NUMA, Memory Hierarchy, and Cache Locality
Latency lives in the memory hierarchy. On the hot path, where your data sits matters more than how fast your code runs. This page maps the layout of a modern dual-socket server and shows why NUMA placement and cache locality dominate Aeron’s tail latency.
Read it alongside the parameter reference — the two NUMA and L3 knobs there are explained from first principles here.
The dual-socket NUMA layout
Section titled “The dual-socket NUMA layout”A modern server has two CPU sockets, each with its own cores, its own memory controller (MC), its own DRAM, and its own PCI-e lanes to a NIC. The two sockets talk over an interconnect (QPI). Crossing that link is expensive.
The key structure: L1 and L2 are per-core, L3 is shared across all cores on a socket, and DRAM hangs off each socket’s own memory controller. A NIC is physically wired to one socket’s PCI-e lanes — not both.
Latency by level
Section titled “Latency by level”Each step down the hierarchy costs roughly an order of magnitude more. The numbers below are the working figures for a typical Xeon-class server.
| Level | Latency | Notes |
|---|---|---|
| Registers/Buffers | < 1ns | |
| L1 Cache | ~4 cycles, ~1ns | Per-core |
| L2 Cache | ~12 cycles, ~3ns | Per-core |
| L3 Cache | ~40 cycles, ~12ns | Shared per socket |
| L3 (dirty hit) | ~75 cycles, ~25ns | Cross-core within socket |
| DRAM (local) | ~70ns | Local to socket’s memory controller |
| QPI (cross-socket) | > 40ns additional | Penalty for accessing remote socket’s memory |
The headline: L1 is ~1ns, DRAM is ~70ns. That is a 40x gap, and it sits squarely on your hot path.

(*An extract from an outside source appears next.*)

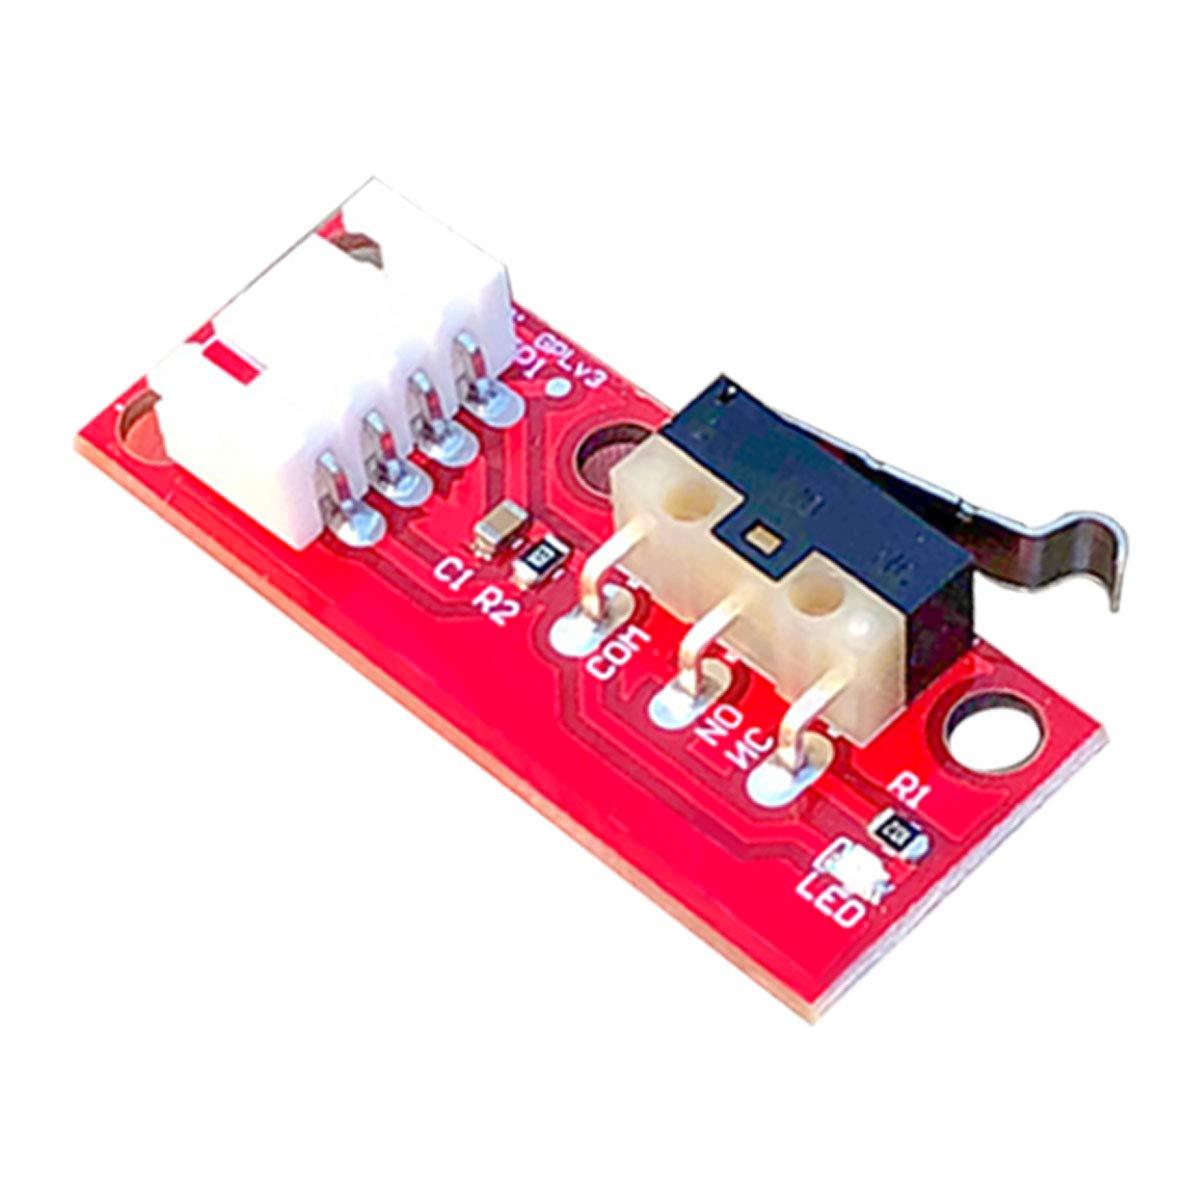 LGDehome for ArduinoIDE Mini Nano V3.0 ATmega328P 5V 16M Micro Controller Board Module with USB Cable for Arduino 10PCS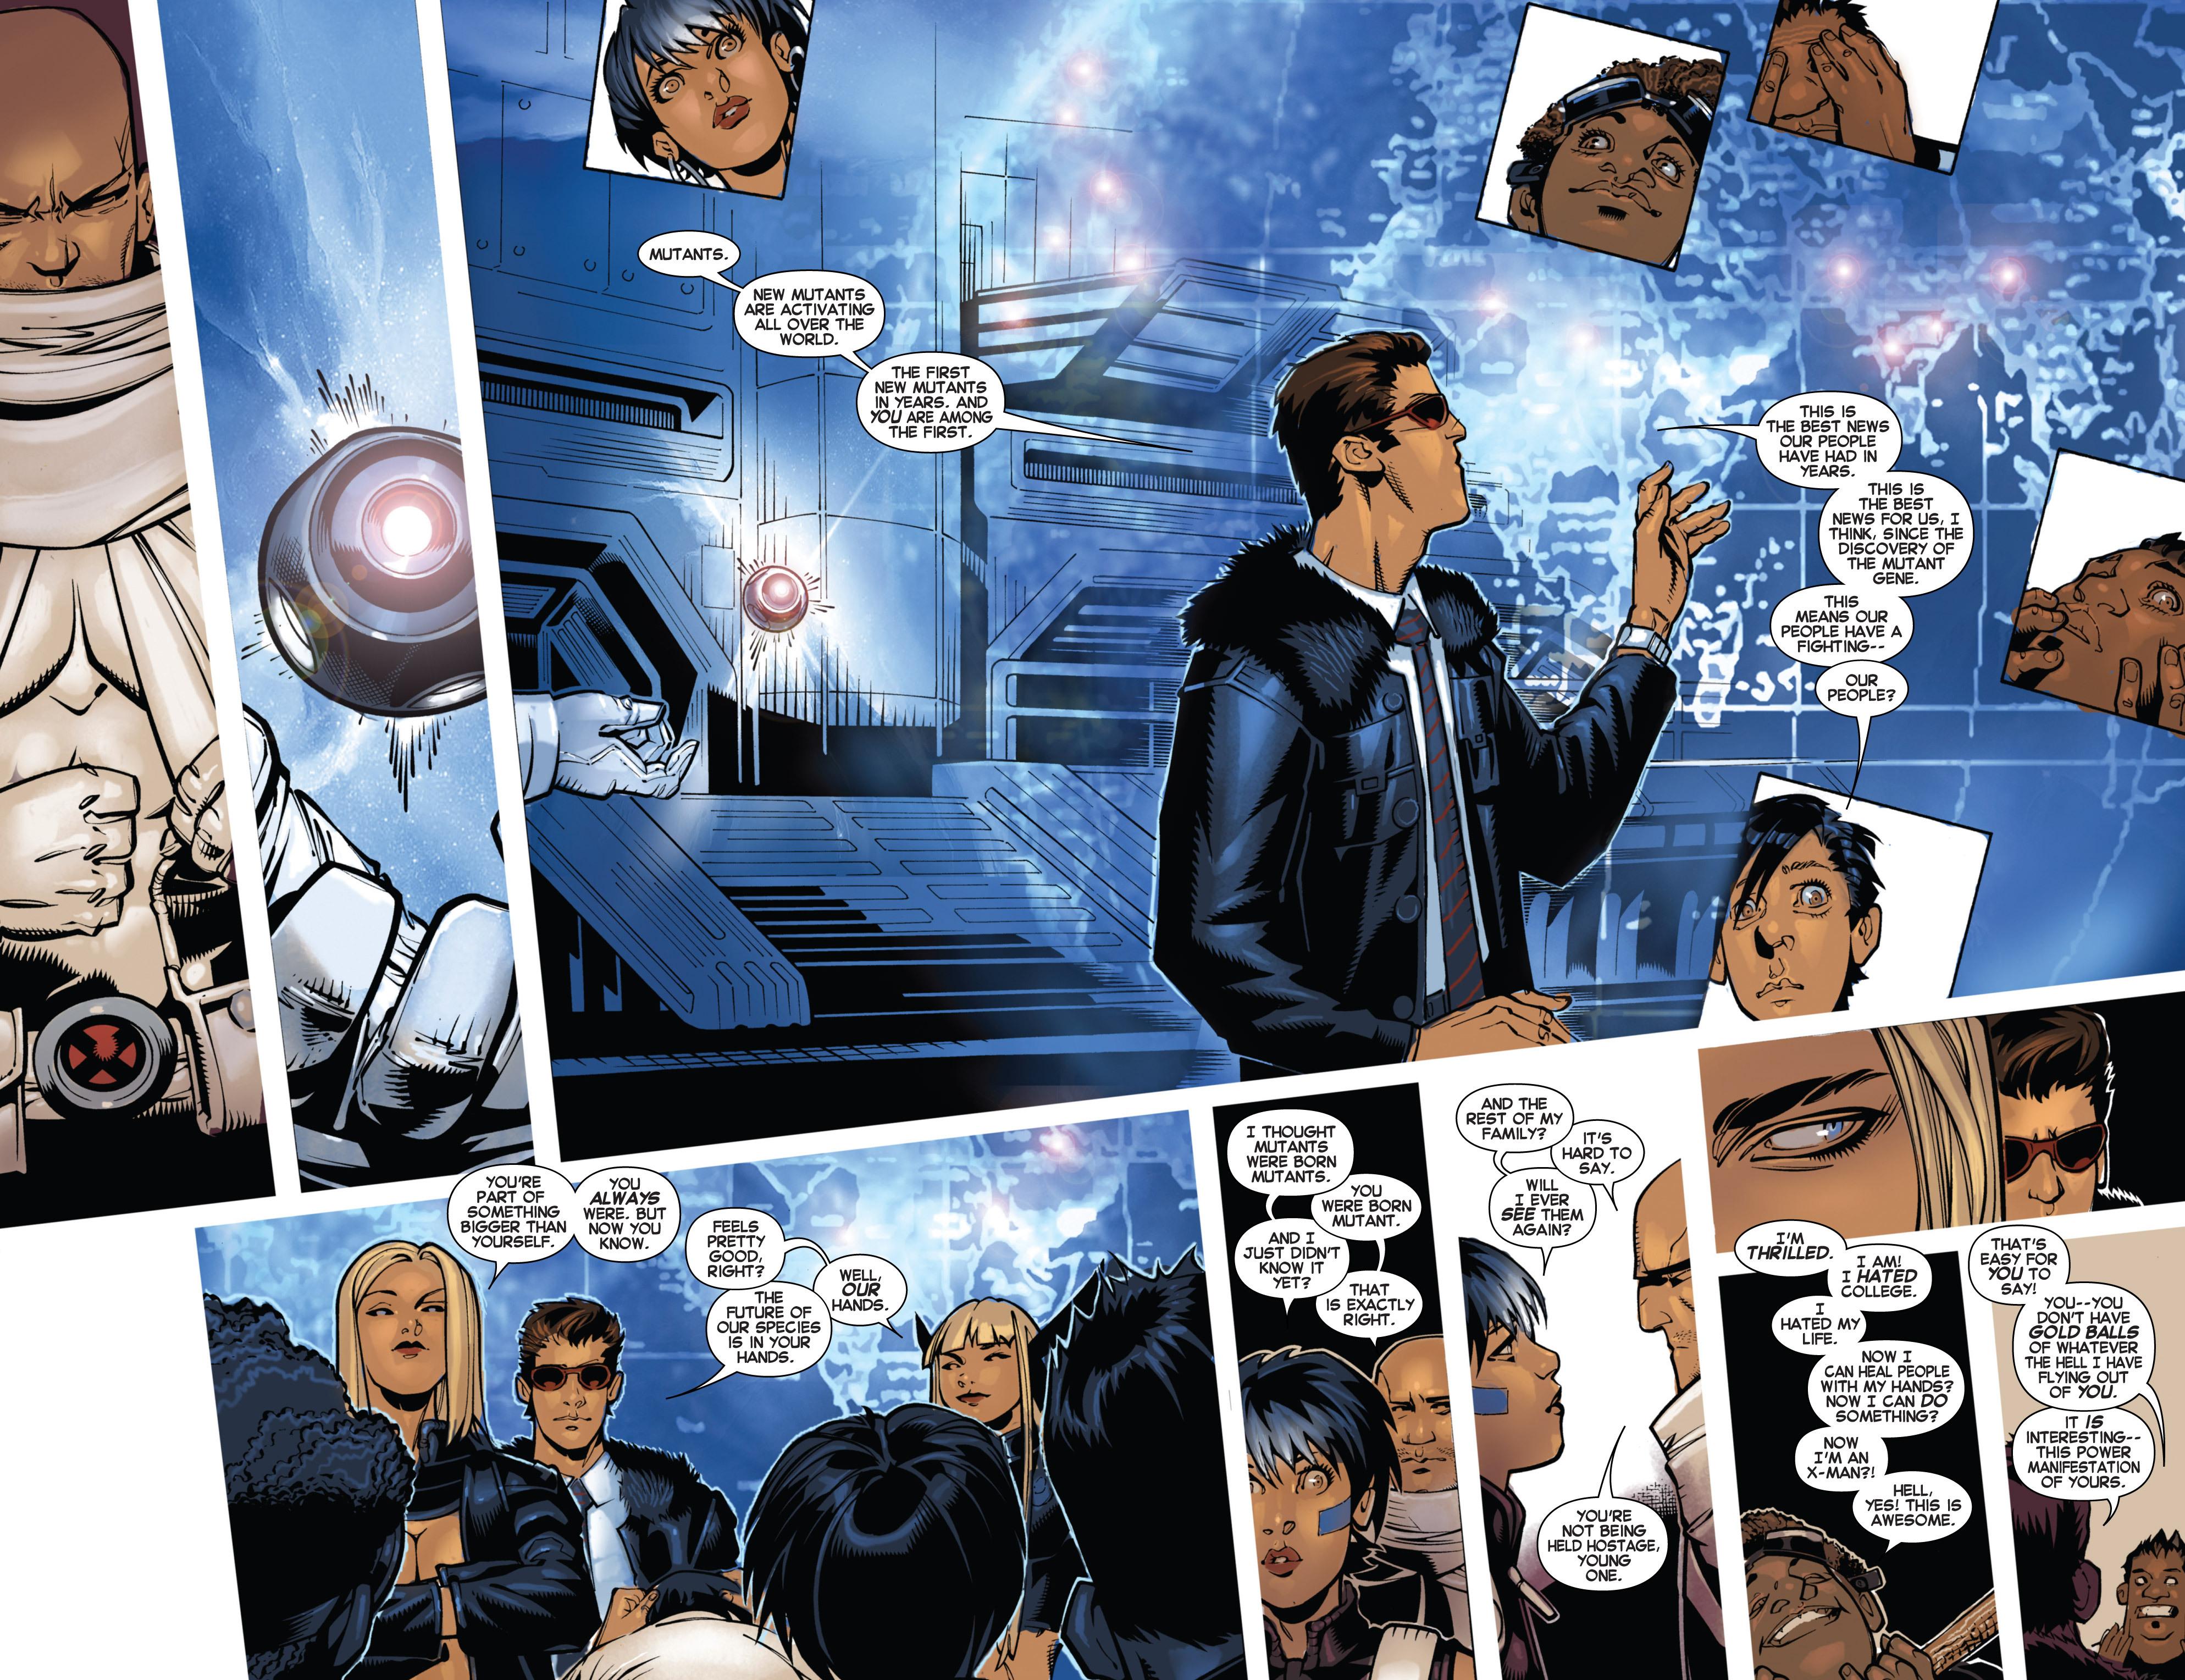 Read online Uncanny X-Men (2013) comic -  Issue # _TPB 1 - Revolution - 35

Why this matters for Aeron
Section titled “Why this matters for Aeron”Three placement decisions move latency the most. Each maps cleanly to a tuning knob.
- L3 cache residency is the sweet spot. 12ns versus 70ns+ for DRAM. If your term buffer fits in L3, you avoid DRAM latency on every message — cutting both p50 and, more importantly, p99 variance from misses.
- NUMA locality. Accessing memory on the remote socket adds 40ns+ per access via QPI. If your NIC is on Socket 0 but Aeron runs on Socket 1, every packet crosses QPI twice. That penalty lands directly on the tail.
- PCI-e to NIC. The NIC is physically attached to one socket. Run Aeron’s media driver on cores local to that socket and you eliminate cross-socket PCI-e traversal entirely.
How this maps to tuning knobs
Section titled “How this maps to tuning knobs”Two parameters in the reference come straight out of the hierarchy above:
- NUMA locality (CPU near the NIC) — pin IRQs, driver threads, and app threads to cores on the NIC’s NUMA node. This removes the QPI penalty and stabilizes p99.
- Term buffer fits in L3 — size the active term footprint to stay within effective L3. A resident working set turns DRAM-rate misses into cache-rate hits, lowering p50 and tightening the tail.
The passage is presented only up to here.